A equiparação entre animais e pessoas é tão absurda que qualquer tentativa de desmontá-la esbarrará inevitavelmente na ignorância do crente. Mas não deixa de ser curioso que muitos dos milhares – dezenas de milhar, na verdade – de portugueses que subscreveram a petição da Animal, e com os quais já vieram solidarizar-se mais milhares ainda, sejam os mesmos que se apressam a condenar a NRA sempre que, algures num recanto da América, um louco desata aos tiros numa escola.

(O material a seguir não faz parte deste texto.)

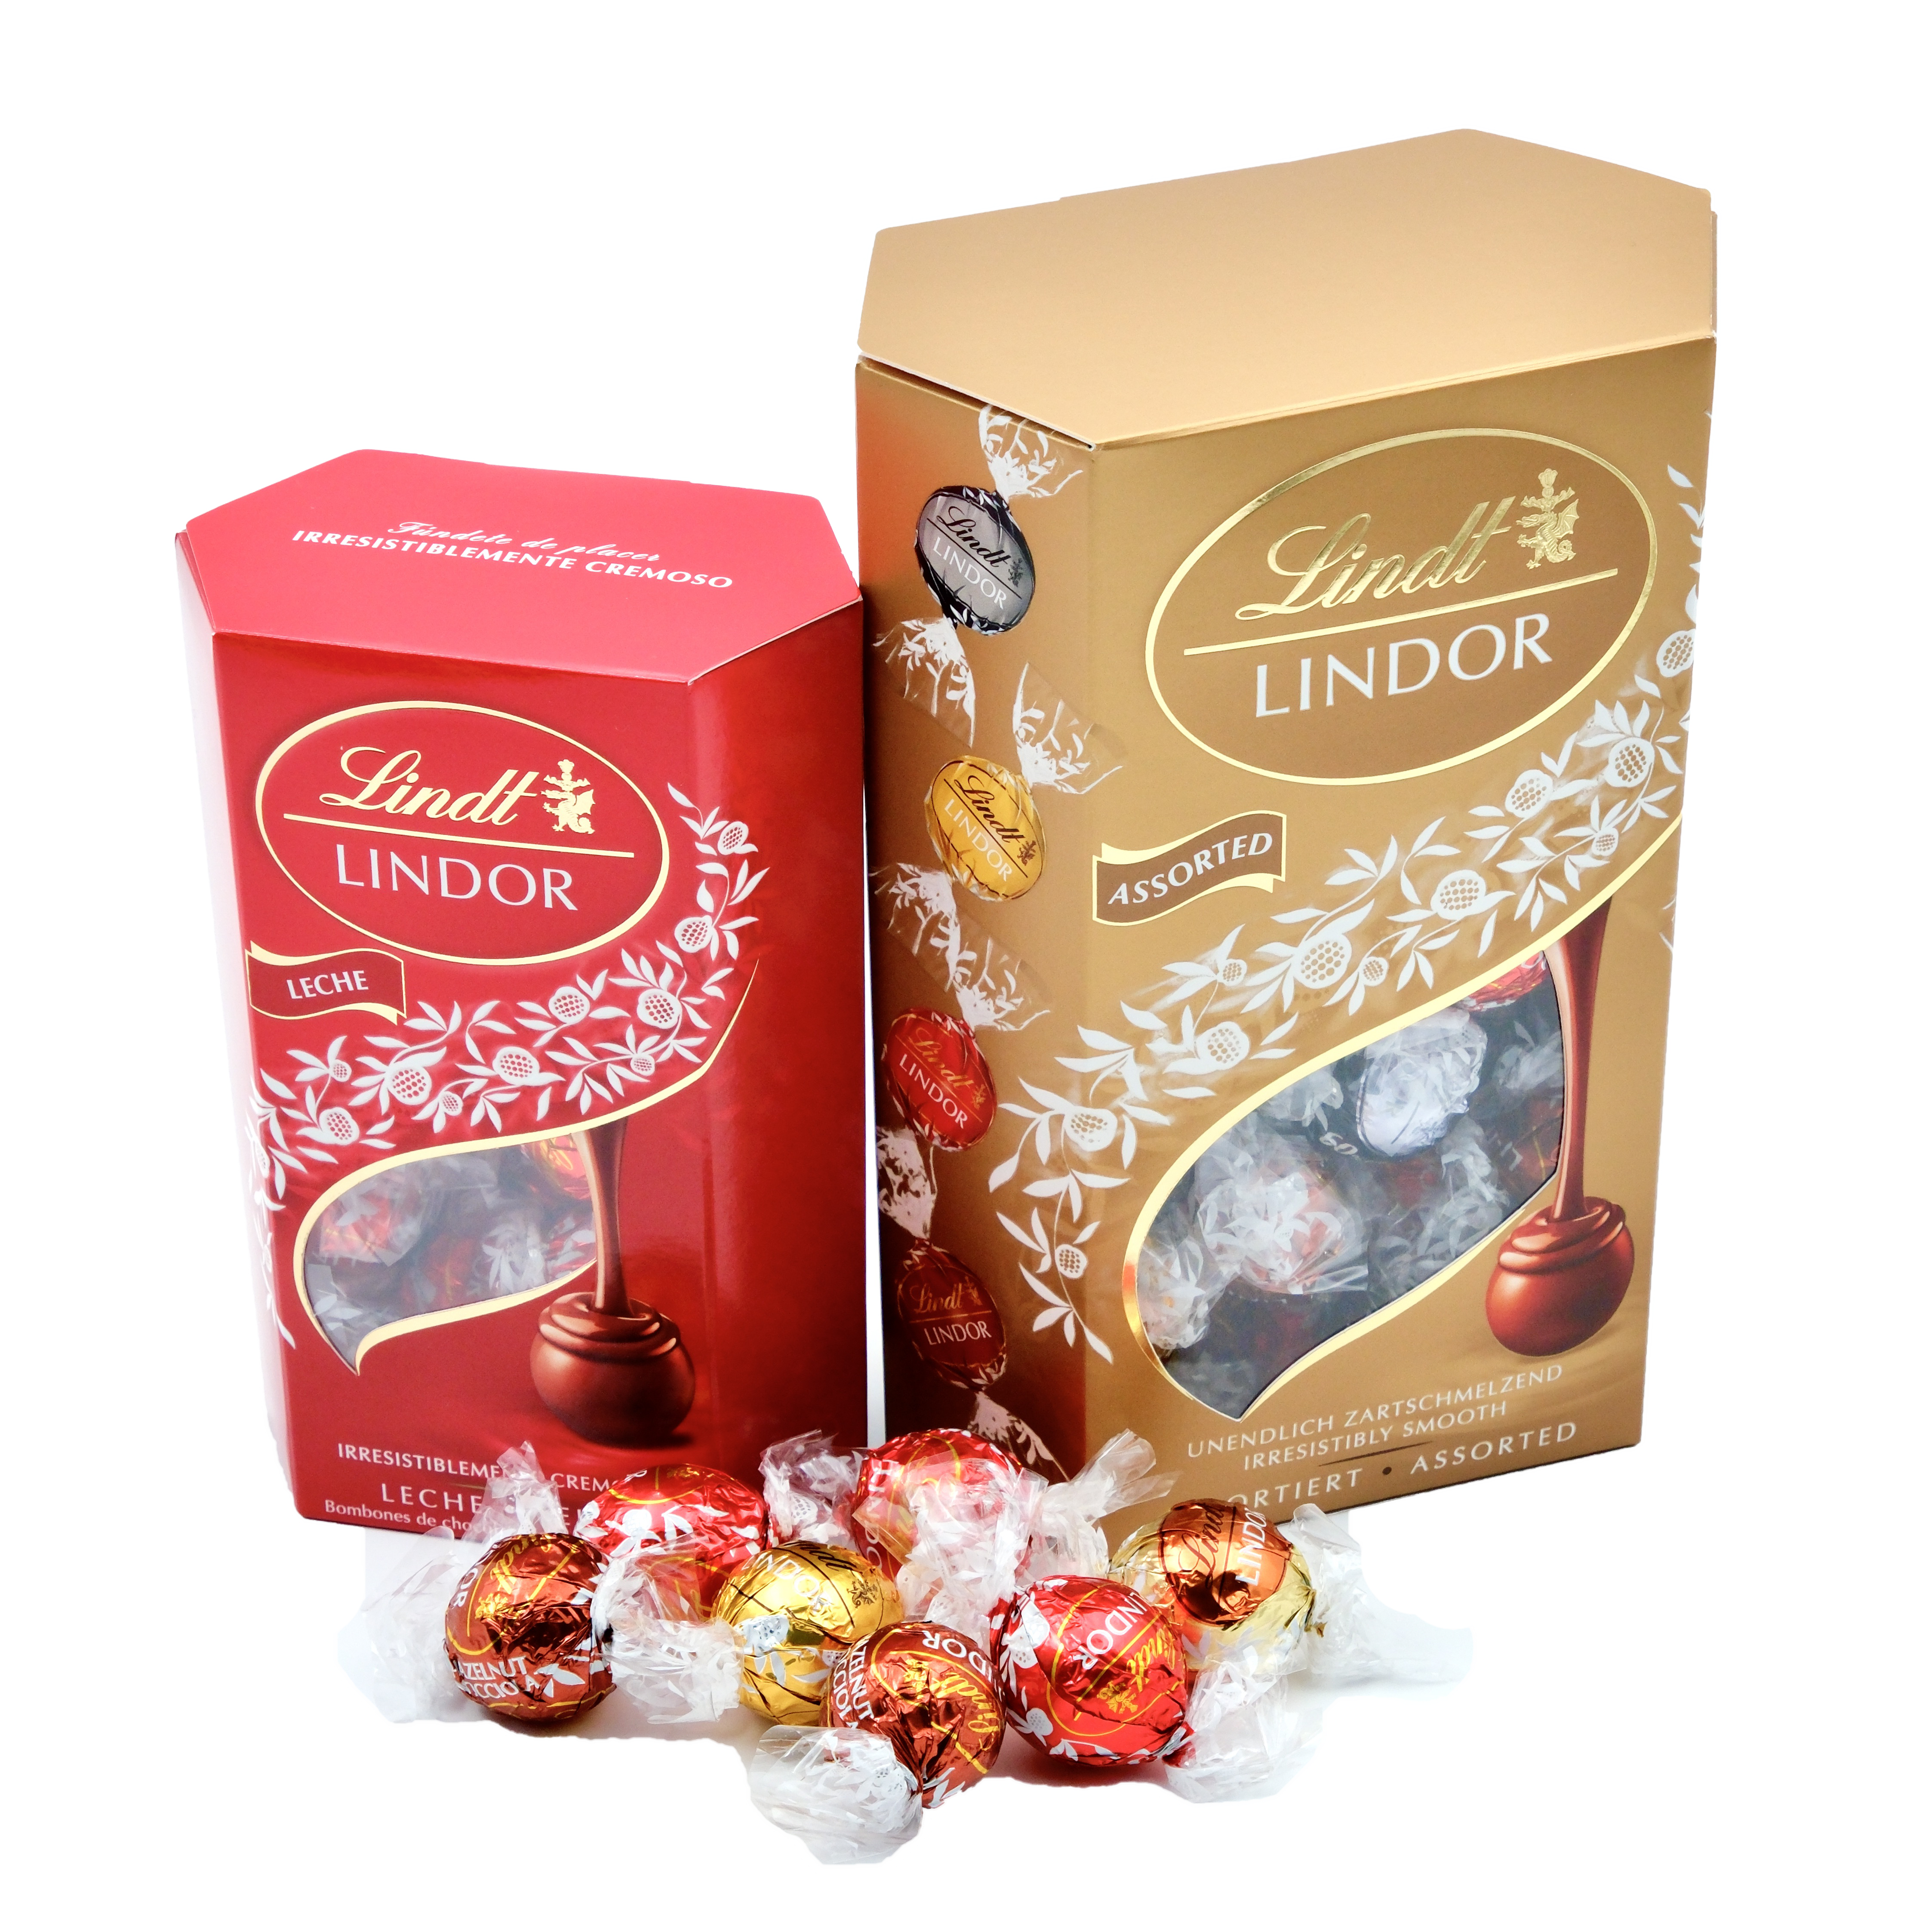 Lindt Chocolats Lindor Double Chocolate, 500 g - Boutique en ligne

Para o doutor Louçã – ah, claro, o doutor Louçã tinha de ser um dos mais infames subscritores da petição –, portanto, um tipo não devia sequer poder ter uma caçadeira em casa, mesmo que apenas para ir aos pombos, porque entretanto há armas utilizadas para matar pessoas; já um cão de uma raça apurada como arma de ataque, e aliás tantas vezes utilizada para as lutas entre gangues e até para o assalto a pessoas na rua, deve ser protegido como um coitadinho – e essa bonomia deve alargar-se, inclusive, a um cão que já tenha matado (e que, aliás, nunca mais poderá cheirar sangue na vida), limitando-se as autoridades a prender os energúmenos que lhe respondem por donos.
Mas é claro que os energúmenos que lhe respondem por donos têm de ser presos – e, aliás, condenados exemplarmente. Mas o bicho, ou deve ser abatido, ou então não pode ser outra coisa senão posto num zoológico, a vociferar atrás das grades. É aí o lugar das bestas, pelo menos enquanto não houver uma reserva natural para elas se poderem comer à vontade umas às outras: no zoológico. E os pit bulls são umas bestas criadas como bestas para se comportarem como bestas.
De resto, começa a tornar-se inútil este esforço que faço para pensar pela minha própria cabeça. Basta conferir como pensam o doutor Louçã e os seus zombies e, acto contínuo, pensar rigorosamente o contrário, que as hipóteses de estar certo são enormes.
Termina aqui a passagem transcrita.